How many unique triangles can be formed with two side lengths of 10 centimeters and one 40° angle

Answer 1

There are two unique triangles that can be formed two side lengths of 10 centimeters and one 40º angle.

Explanation:

There are theoretically three unique triangles that can be formed with two side lengths of 10 centimeters and one 40º angle.

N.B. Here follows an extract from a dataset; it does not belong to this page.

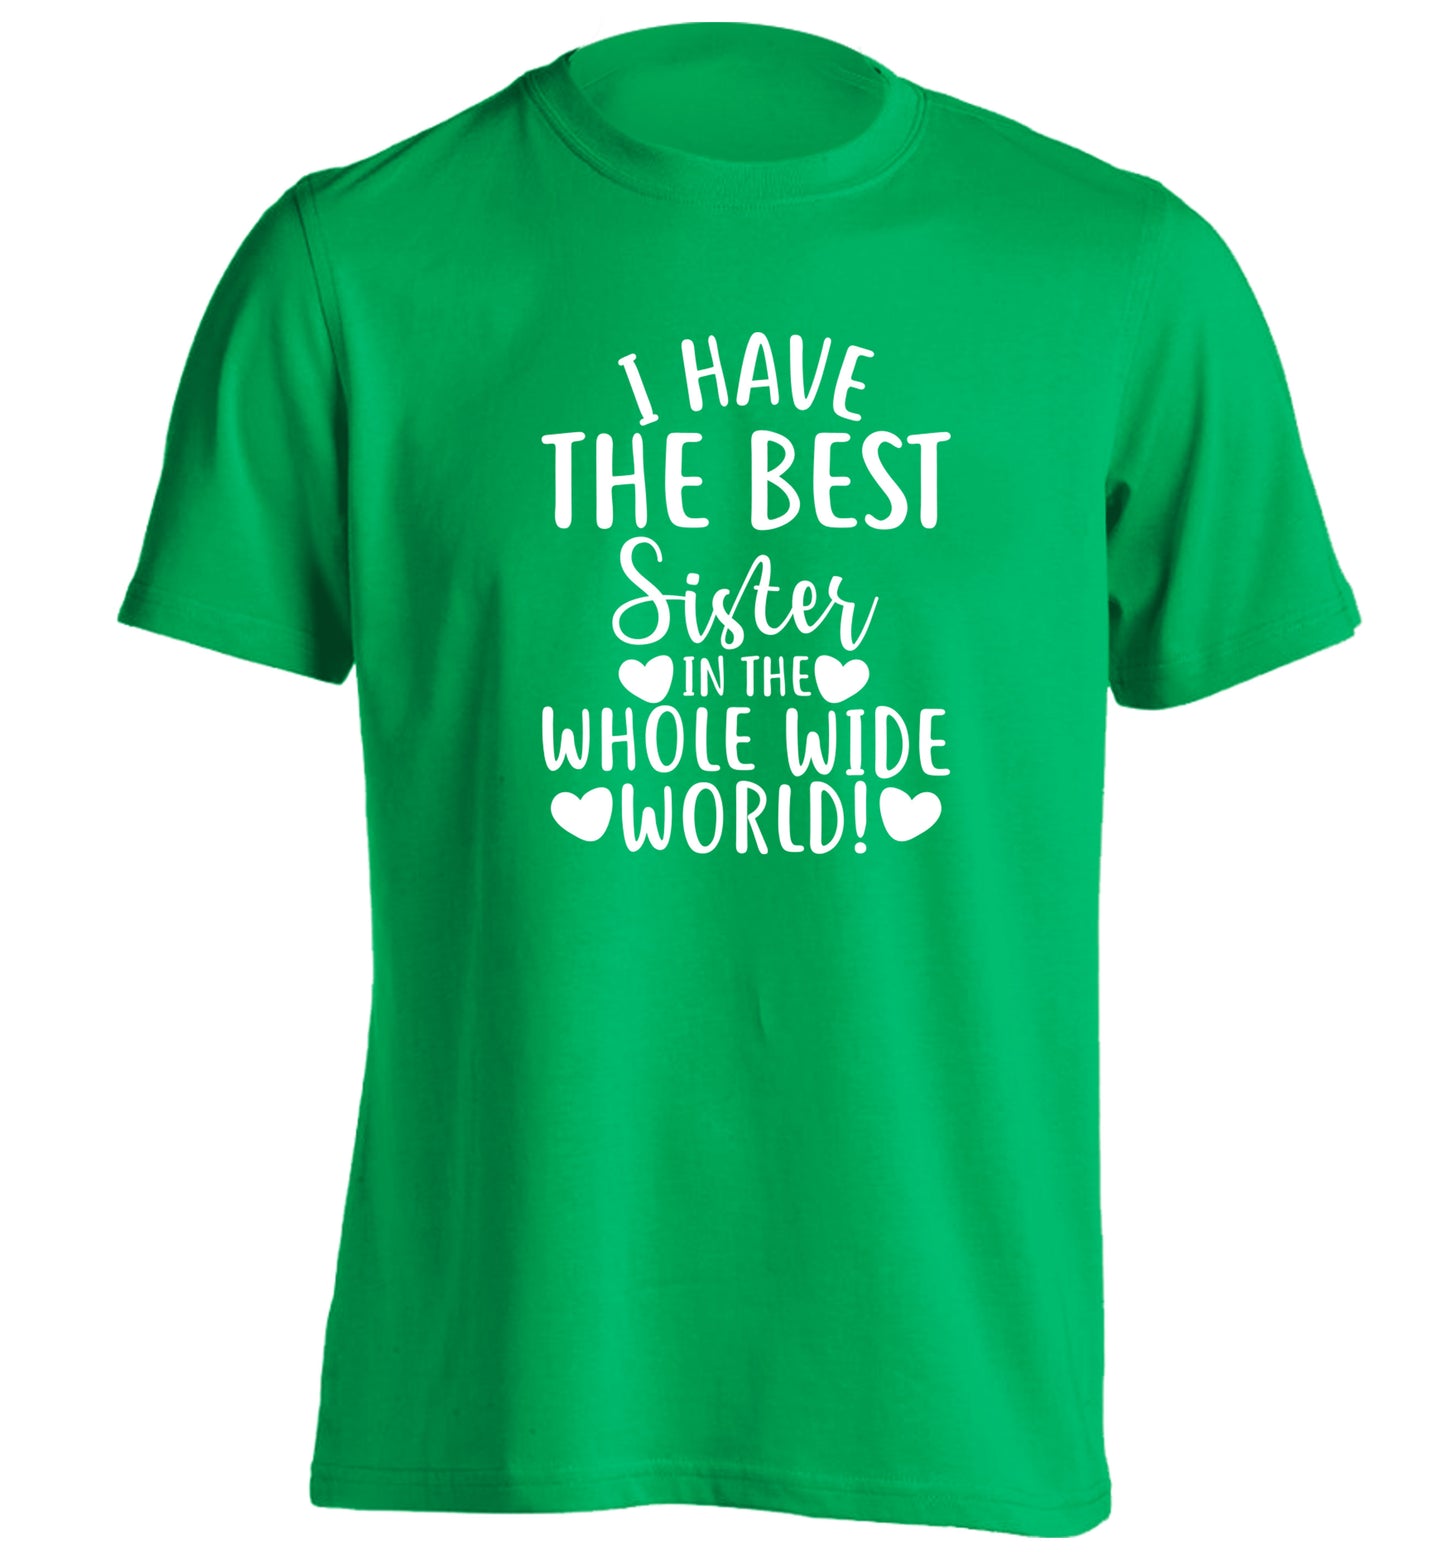 I have the best sister in the whole wide world! adults unisex green Tshirt 2XL

We include a representation of possible triangles:

Case A - Law of Cosine (
`a = 10\,cm`,
`b = 10\,cm`,
`C = 40^(\circ)`)

`c= \sqrt{a^(2)+b^(2)-2\cdot a\cdot b\cdot \cos C}` (1)

`c = \sqrt{(10\,cm)^(2)+(10\,cm)^(2)-2\cdot (10\,cm)\cdot (10\,cm)\cdot \cos 40^(\circ)}`

`c\approx 6.840\,cm`

Case B - Laws of Sine and Cosine (
`a = 10\,cm`,
`b = 10\,cm`,
`B = 40^(\circ)`)

`(a)/(\sin A) = (b)/(\sin B)` (2)

`\sin A = (a\cdot \sin B)/(b)`

`A = \sin^(-1)\left((a\cdot \sin B)/(b) \right)`

`A = \sin^(-1)\left[((10\,cm)\cdot (\sin 40^(\circ)))/(10\,cm) \right]`

`A = 40^(\circ)`

`C = 180^(\circ)-A-B`

`C = 100^(\circ)`

`c= \sqrt{a^(2)+b^(2)-2\cdot a\cdot b\cdot \cos C}`

`c = \sqrt{(10\,cm)^(2)+(10\,cm)^(2)-2\cdot (10\,cm)\cdot (10\,cm)\cdot \cos 100^(\circ)}`

`c \approx 15.321\,cm`

Case C - Laws of Sine and Cosine (
`a = 10\,cm`,
`b = 10\,cm`,
`A = 40^(\circ)`)

`(a)/(\sin A) = (b)/(\sin B)`

`\sin B = (b\cdot \sin A)/(a)`

`B = \sin^(-1)\left((b\cdot \sin A)/(a) \right)`

`B = 40^(\circ)`

`C = 180^(\circ)-A-B`

`C = 100^(\circ)`

`c= \sqrt{a^(2)+b^(2)-2\cdot a\cdot b\cdot \cos C}`

`c = \sqrt{(10\,cm)^(2)+(10\,cm)^(2)-2\cdot (10\,cm)\cdot (10\,cm)\cdot \cos 100^(\circ)}`

`c \approx 15.321\,cm`

There are two unique triangles that can be formed two side lengths of 10 centimeters and one 40º angle.